Один из параграфов этого текста особенно примечателен. Гримм замечает по поводу Шаппа: «Он наизусть знает все в правительстве России, он знаком с ее сухопутными силами и ее флотом, он рапортует о ее ежегодных доходах. ‹…› Он, по примеру Руссо, пророчествует о мощи России, и я убежден, что он считает себя в состоянии давать советы кабинетам Европы, чтобы те присматривали за этой мощью»[40].
В некоторых фрагментах рецензия Гримма обнаруживает сходство с французским письмом неизвестного, которое по ошибке (как полагал уже Пыпин) оказалось напечатано в десятом Сборнике императорского русского исторического общества как «собственноручная» записка Екатерины – поскольку это письмо было переписано ее рукой. Обращаясь к неизвестному адресату и прося представить эту записку его «просвещенному покровителю», автор записки сообщает: «Под предлогом наблюдения соединения прекрасной Венеры с дневным светилом, он (Шапп. – В. П.) принялся измеривать источники вашего могущества, т. е. ежегодные доходы государства, ваши сухопутные и морские силы. ‹…› Кажется, даже, что он не забыл устройство вашего правительства»[41].

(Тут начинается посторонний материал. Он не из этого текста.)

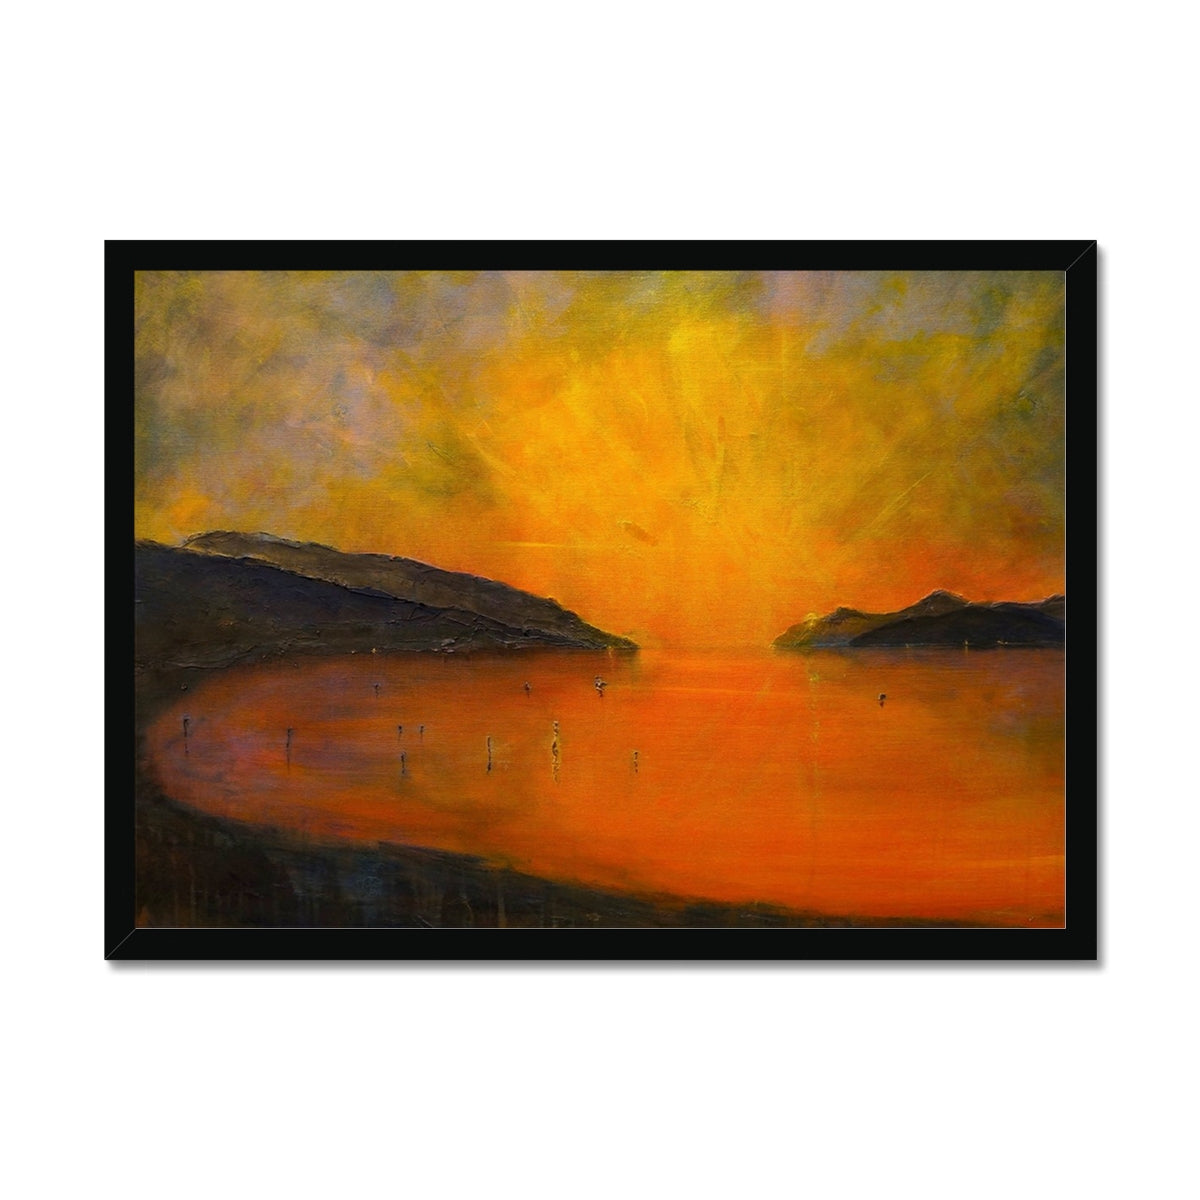 Loch Ness Sunset Painting | Framed Prints From Scotland-Framed Prints-Scottish Lochs & Mountains Art Gallery-A2 Landscape-Black Frame-Paintings, Prints, Homeware, Art Gifts From Scotland By Scottish Artist Kevin Hunter

Вполне возможно, что это письмо, скопированное Екатериной для своих целей, написано тем же Гриммом и адресовано или бывшему русскому послу во Франции князю Д. А. Голицыну, или его преемнику Н. К. Хотинскому (с мая 1768 года сменившему Голицына), или И. И. Бецкому, через которых начинающий «комиссионер» сообщался с русским двором до личного знакомства с императрицей в 1773 году. Так или иначе, но записка попала в руки Екатерины, которая переписала ее и почти дословно использовала в «Антидоте» в очень близких выражениях: «И под предлогом наблюдений над прохождением Венеры по солнечному диску они (враги, стоящие за Шаппом. – В. П.) принялись оценивать по-своему источники нашего могущества, то бишь выставлять в ненавистном свете образ нашего правления… они занялись умалением годовых доходов государства, его сухопутных и морских сил» (286).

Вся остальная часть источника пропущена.